When analyzing chords in classical music, it's usually unhelpful to look at the enharmonics, barring certain key changes (when going from Gb Major to B Major or something similar).

If we stack the notes in the first chord into thirds, we end up with D# F## A# C#. Looking at the intervals between the chords, we discover that it looks like this:

D# (↑M3) F## (↑m3) A# (↑m3) C#

What chord has the pattern of a major third followed by two minor thirds? A dominant 7th chord. You can use this technique to identify almost every triadic and seventh chord.


This is simply a d sharp major chord with a 7th. It's the enharmonic variant of an e flat major 7 chord. It resolves to a g sharp minor chord as expected.

If your learning website doesn't show this chord, it's simply incomplete - enharmonic variants are used all the time, and it's important to understand them.

  • 2
    Eb major 7? It's enharmonic to Eb dominant 7.
    – Tim
    Nov 15, 2016 at 7:51
  • Why would you want to write a chord of E flat 7 followed by A flat minor, when the key signature is 4 sharps? The "spelling" is fine just as it is.
    – user19146
    Nov 15, 2016 at 11:07
  • When there's a 'far out' sharp (double-sharp even!), and the context is Common Practice harmony, it's a fair bet that sharp will be a leading note, the 3rd of a dominant 7th-type chord. Not always. It could be a +5. But see if it acts like a leading note.
    – Laurence
    Nov 15, 2016 at 16:41

In bar two you clearly want a passing six four progression, you have it done perfectly except for the last beat. If you had the D in the bass you passing 6/4 progression would be perfect.

The Progression is either ii6-V6/4-ii5/3 or ii5/3-V6/4-ii6 and also the tenor voice needs to be rearranged a bit. The proper 6/4 progression has one voice that has three notes that stay on the same pitch, one voice that has three notes in a row going up, three going down and one where you have a up-down effect.

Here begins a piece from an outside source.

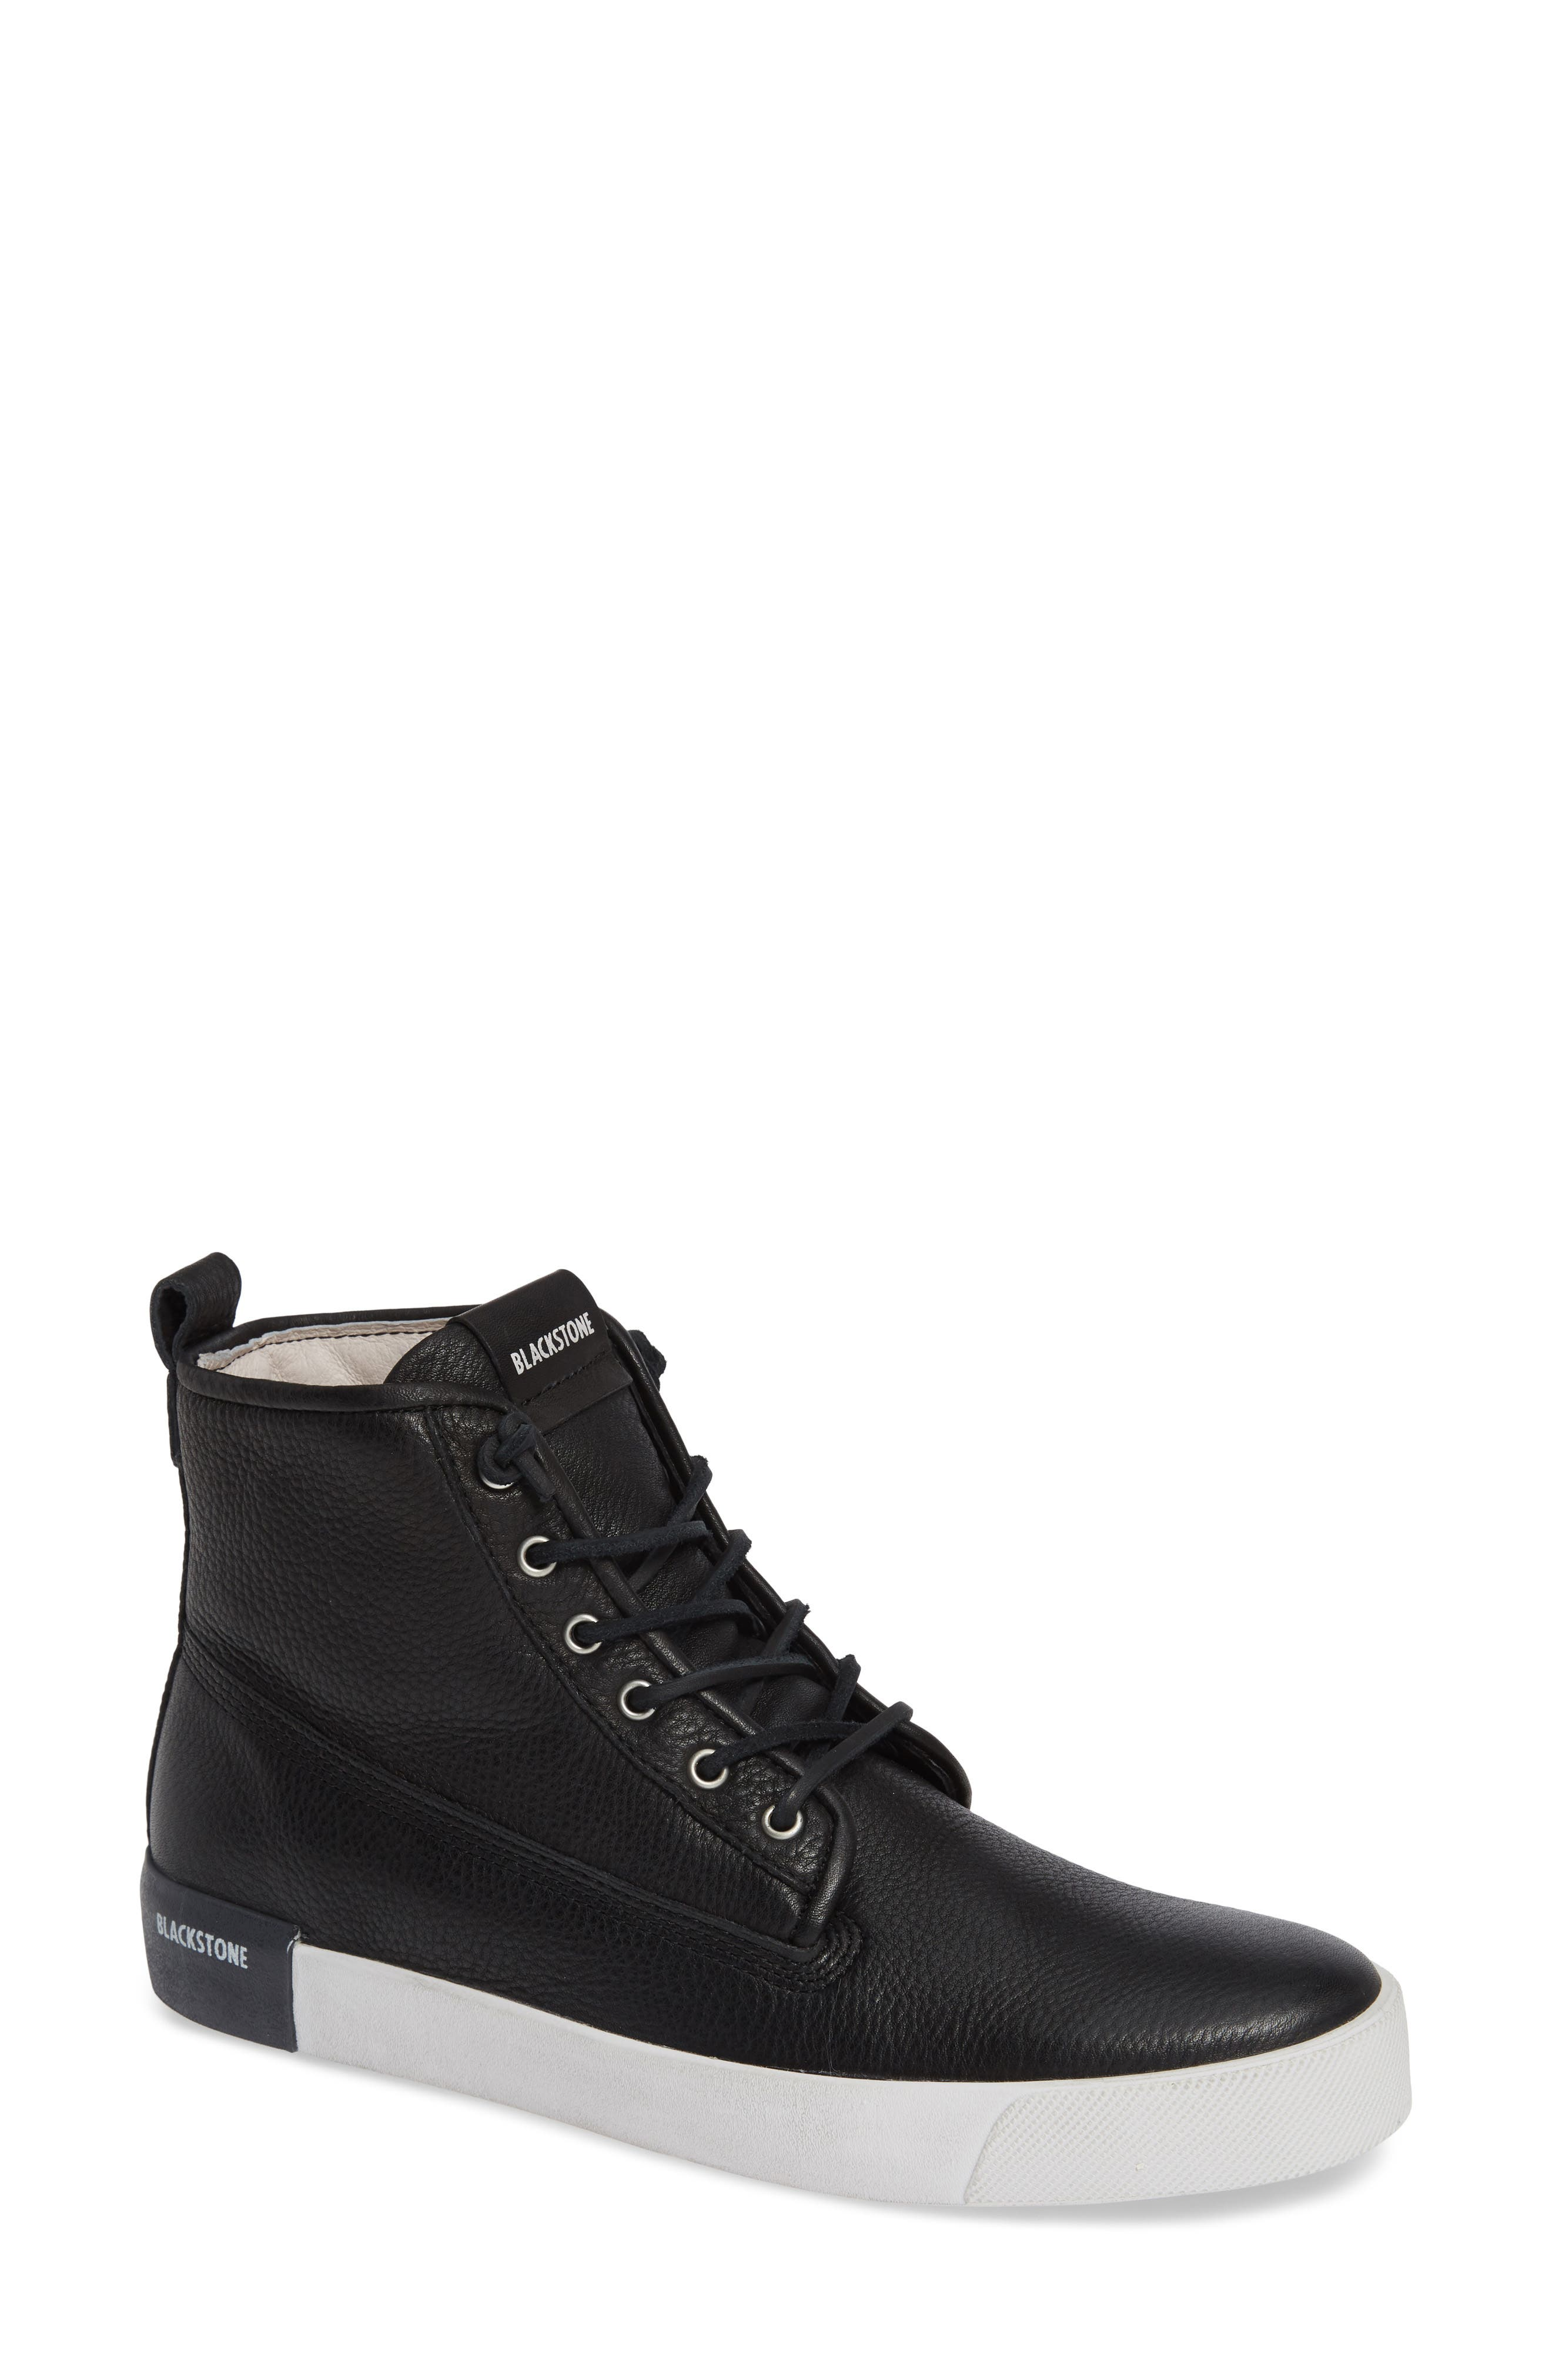 QM80 High Top Sneaker,                             Main thumbnail 1, color,                             BLACK

This is how it should look.

enter image description here

  • The key has changed to B/G#m from the original E/C#m.
    – Tim
    Nov 15, 2016 at 8:11
  • 1
    First chord is a sus4, resolving to G# note from the suspended A note. last chord, bar 1 C#m. Bar 2 starts with G#m, then D#7 resolving to G#m.
    – Tim
    Nov 15, 2016 at 8:31
  • 1
    It looks like a perfectly ordinary modulation from E maj to G# min to me. But the consecutive octaves in the LH in bar 1 look odd in this sort of example, and the natural on the first E might suggest the previous music that we can't see wasn't in E major...
    – user19146
    Nov 15, 2016 at 11:07
  • @alephzero - I wondered why it needed an E natural too, especially as the treble clef E wasn't marked.
    – Tim
    Nov 15, 2016 at 11:42
  • That's really horribly awkward in the first bar, what with the A appoggiatura resolving at the same moment the bass skips down a fourth to give a second inversion of E major leading to the bare third C♯ minor with really exposed parallels in the bass and tenor. The bass skip isn't bad in se (it's kind of a trope when the lower fourth arrives on a weak rhythm), but coupled with octaves, the whole thing is a bit gauche for a common practice harmony lesson (assuming that's what it is). I agree with @alephzero - the last bar is just a standard ic -V - i cadence in G♯.